Ms Ma’afu said it was crucial governments should dedicate resources to assist developing nations that were being impacted by climate change.

“It is a question of us losing our home, our values and our lands,” she said.

“… So we really need the assistance of bigger, more industrialised countries.” 

World leaders gathered in the Polish city of Katowice for the annual UN Climate Change Conference were expected to finalise the framework of the 2015 Paris climate accord. 

Delegates from the Caritas Internationalis network attended the talks in Poland to urge country delegates to deliver a concrete plan to tackle the devastating impacts of climate change on human life, ecosystems, and food and water security. 

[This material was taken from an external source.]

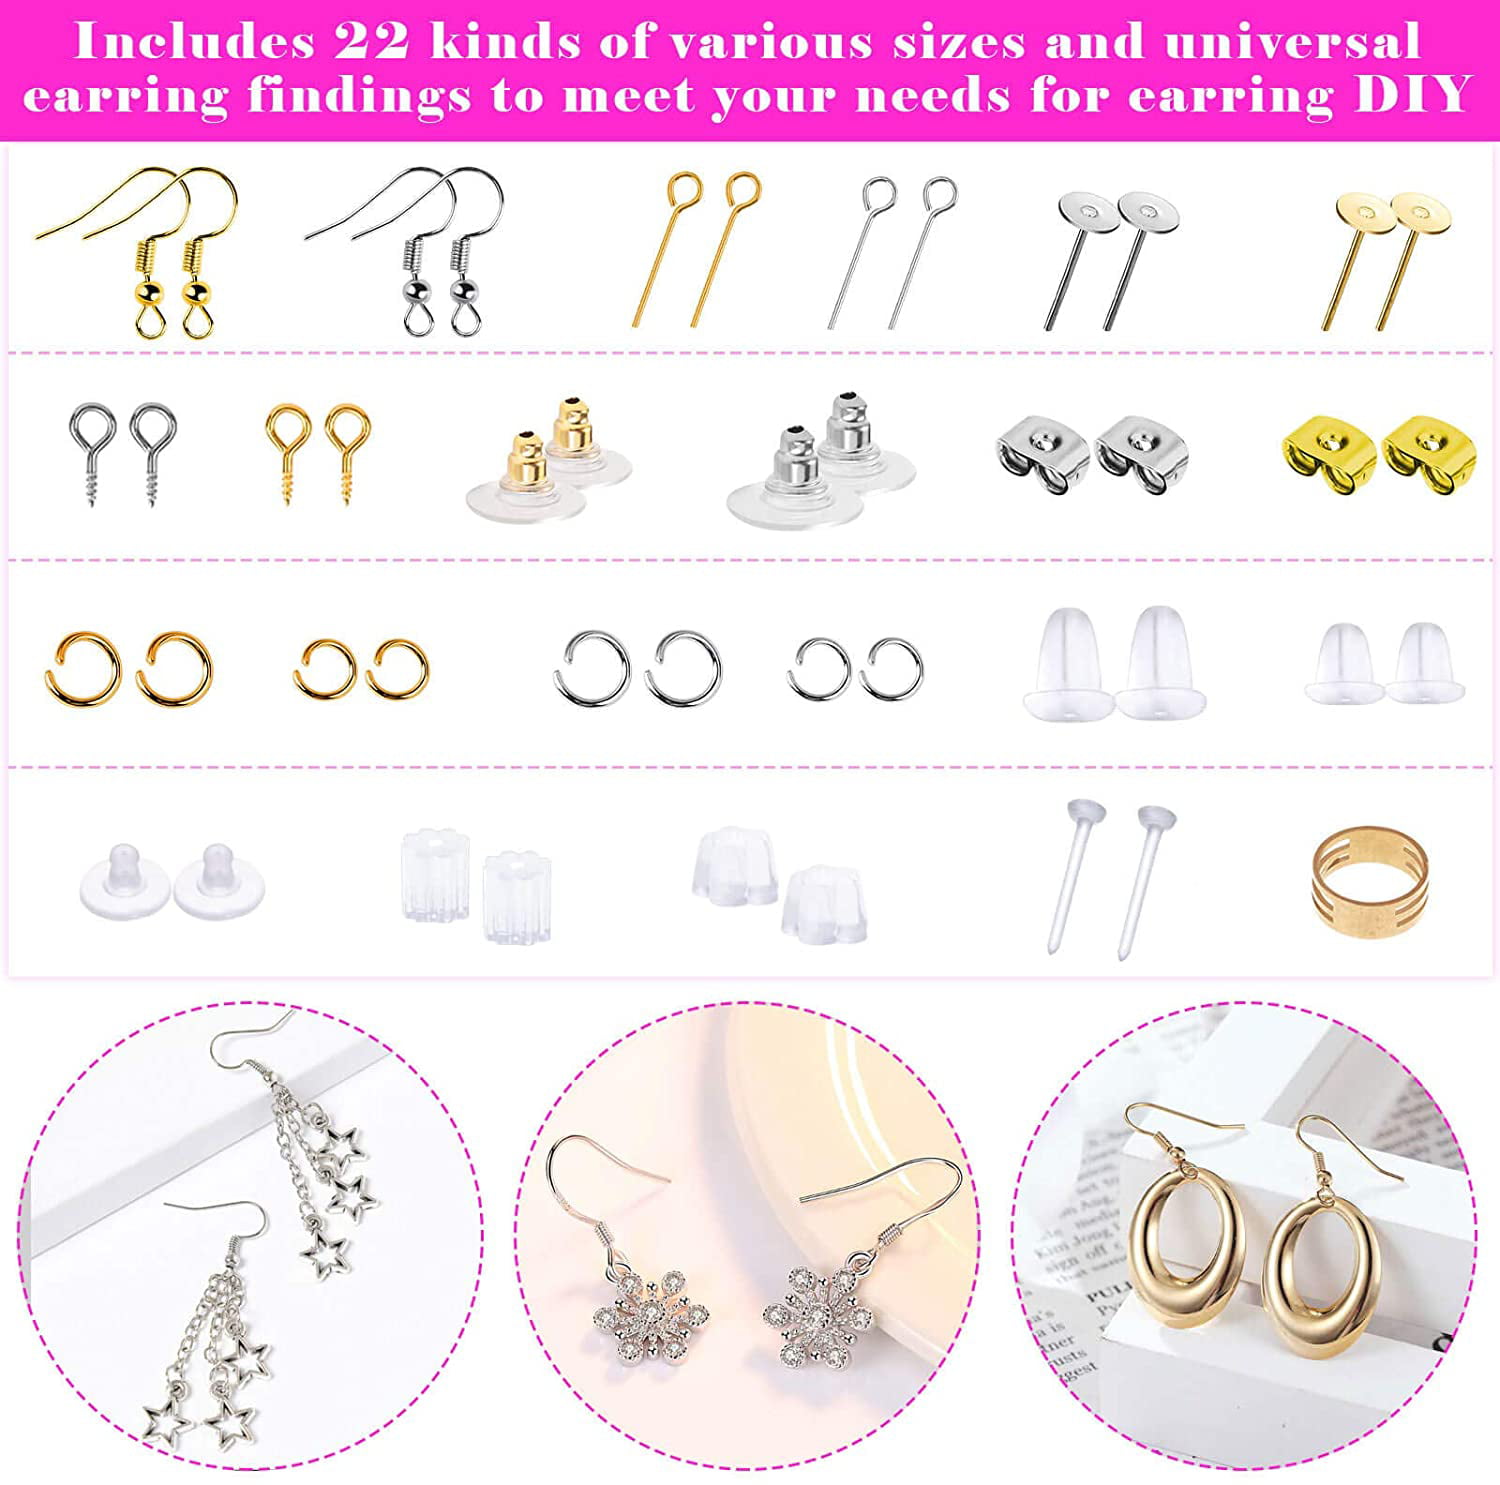 Jewelry Making Earring Making Kit With Fish Hook Earrings, Earring Cards,  Backs and Jump Ring for Jewelry Making 1900pcs, by Fablise Craft 
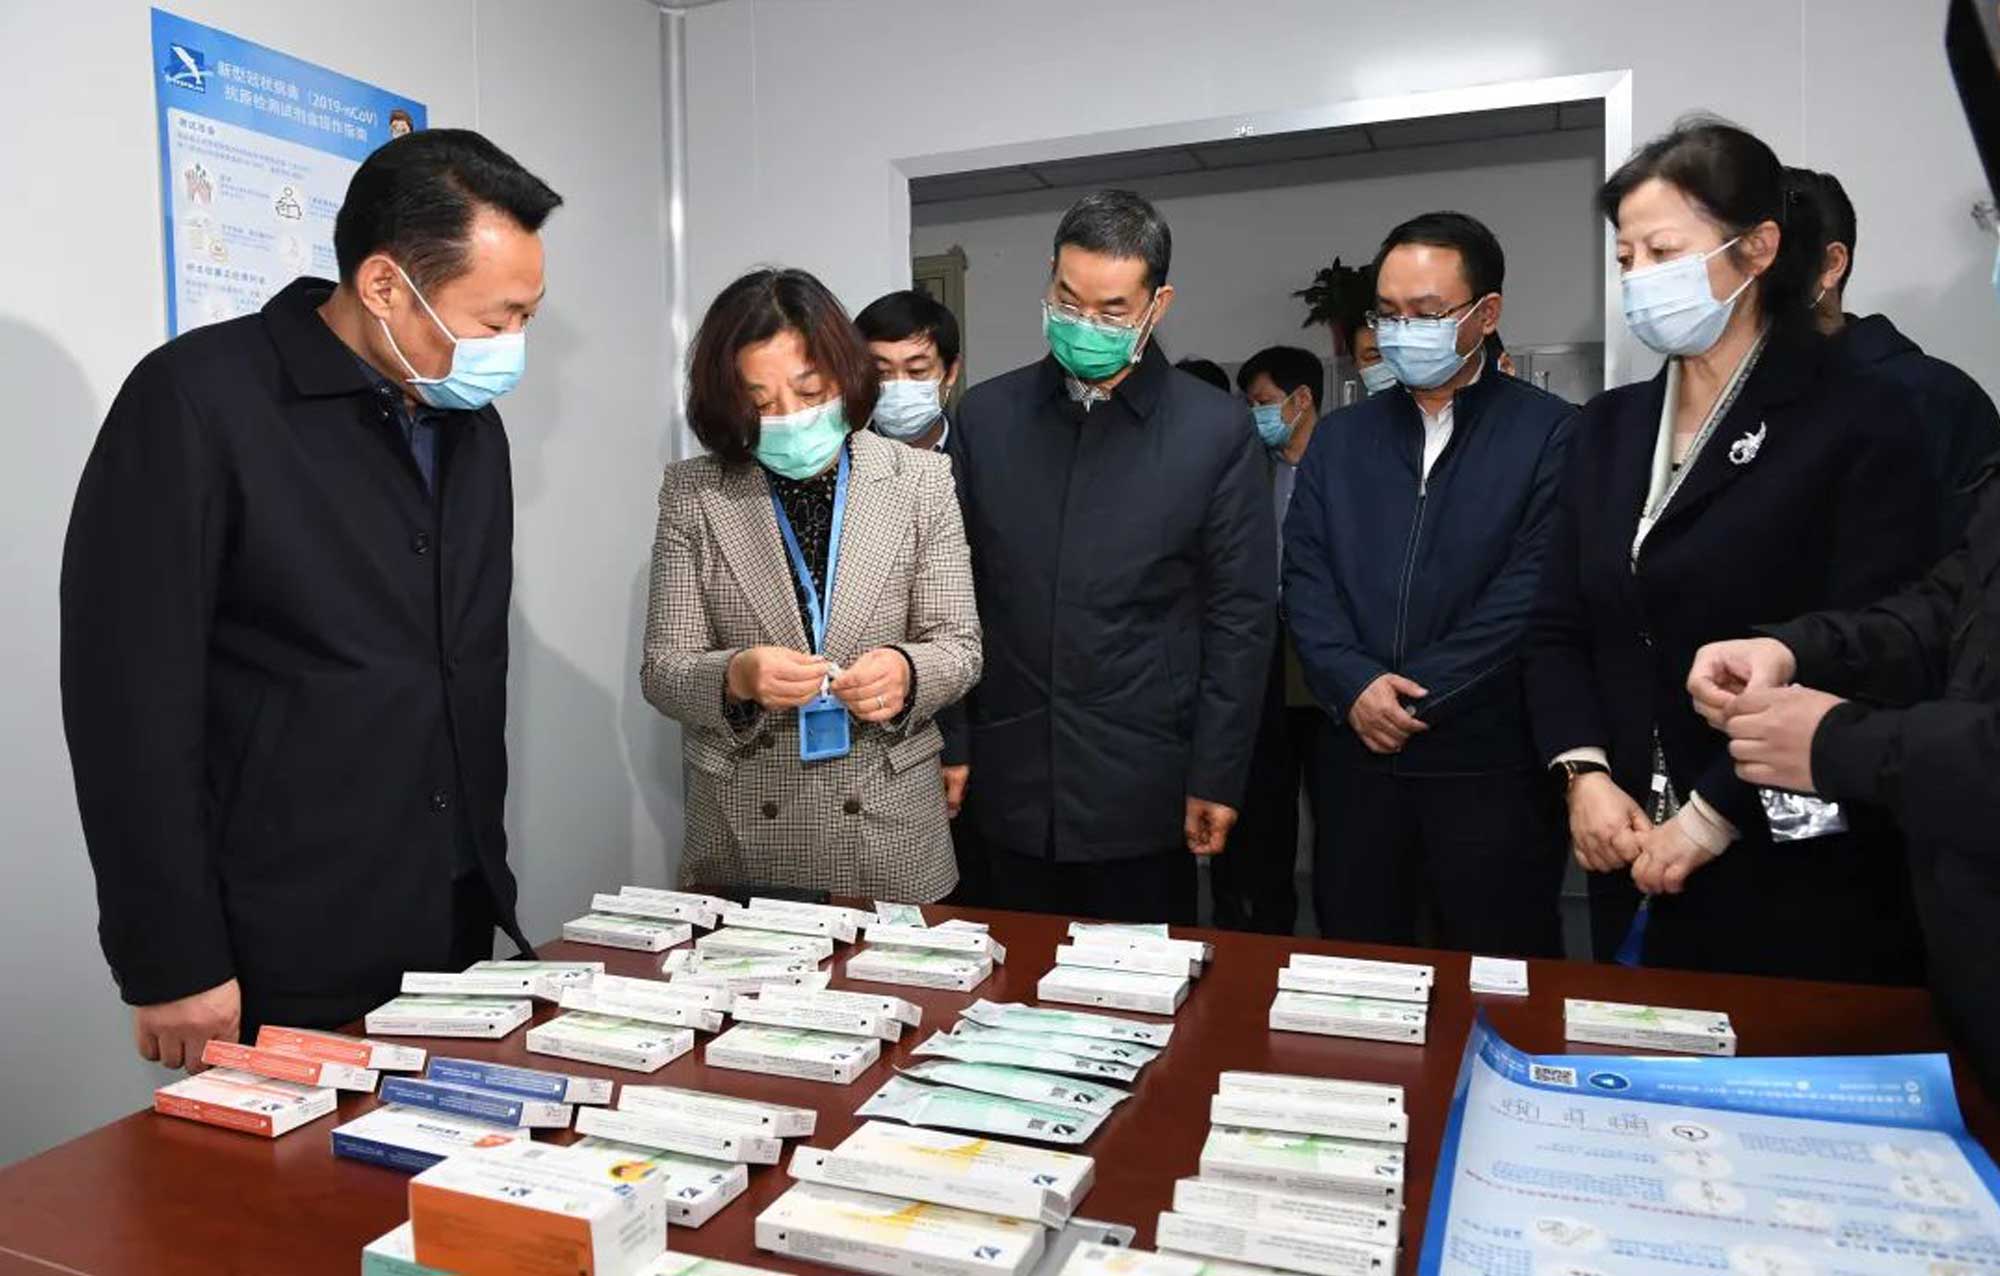 Secretary Yu Aihua visited DEEPBLUE Medical for investigation and research

Climate action: A coastal scene in Kiribati. Rising sea levels are threatening to sink Kiribati’s land area and ultimately displace its people. Photos: Caritas

Caritas warned of the urgent need to curb climate change for the coming decade and stated the cost of increased disasters and hazards was now unbearable for communities already facing poverty.

Recently Caritas Australia released its fifth state-of-the-environment report for Oceania titled Waters of Life, Oceans for Mercy that tracks five key environmental issues affecting the lives of Oceania’s peoples. 

These issues include coastal erosion-sea level rise, food and water, extreme weather events, offshore mining and drilling, and climate finance. 

The report also puts a human face on the consequences of climate change by sharing the stories of people across the region whose lives have been impacted by rising global temperatures. 

Caritas Australia is encouraging all Australians to speak up in solidarity with Pacific neighbours. 

The Catholic organisation recommends sending a message to your local Member of Parliament by uploading a video on the Caritas Australia website.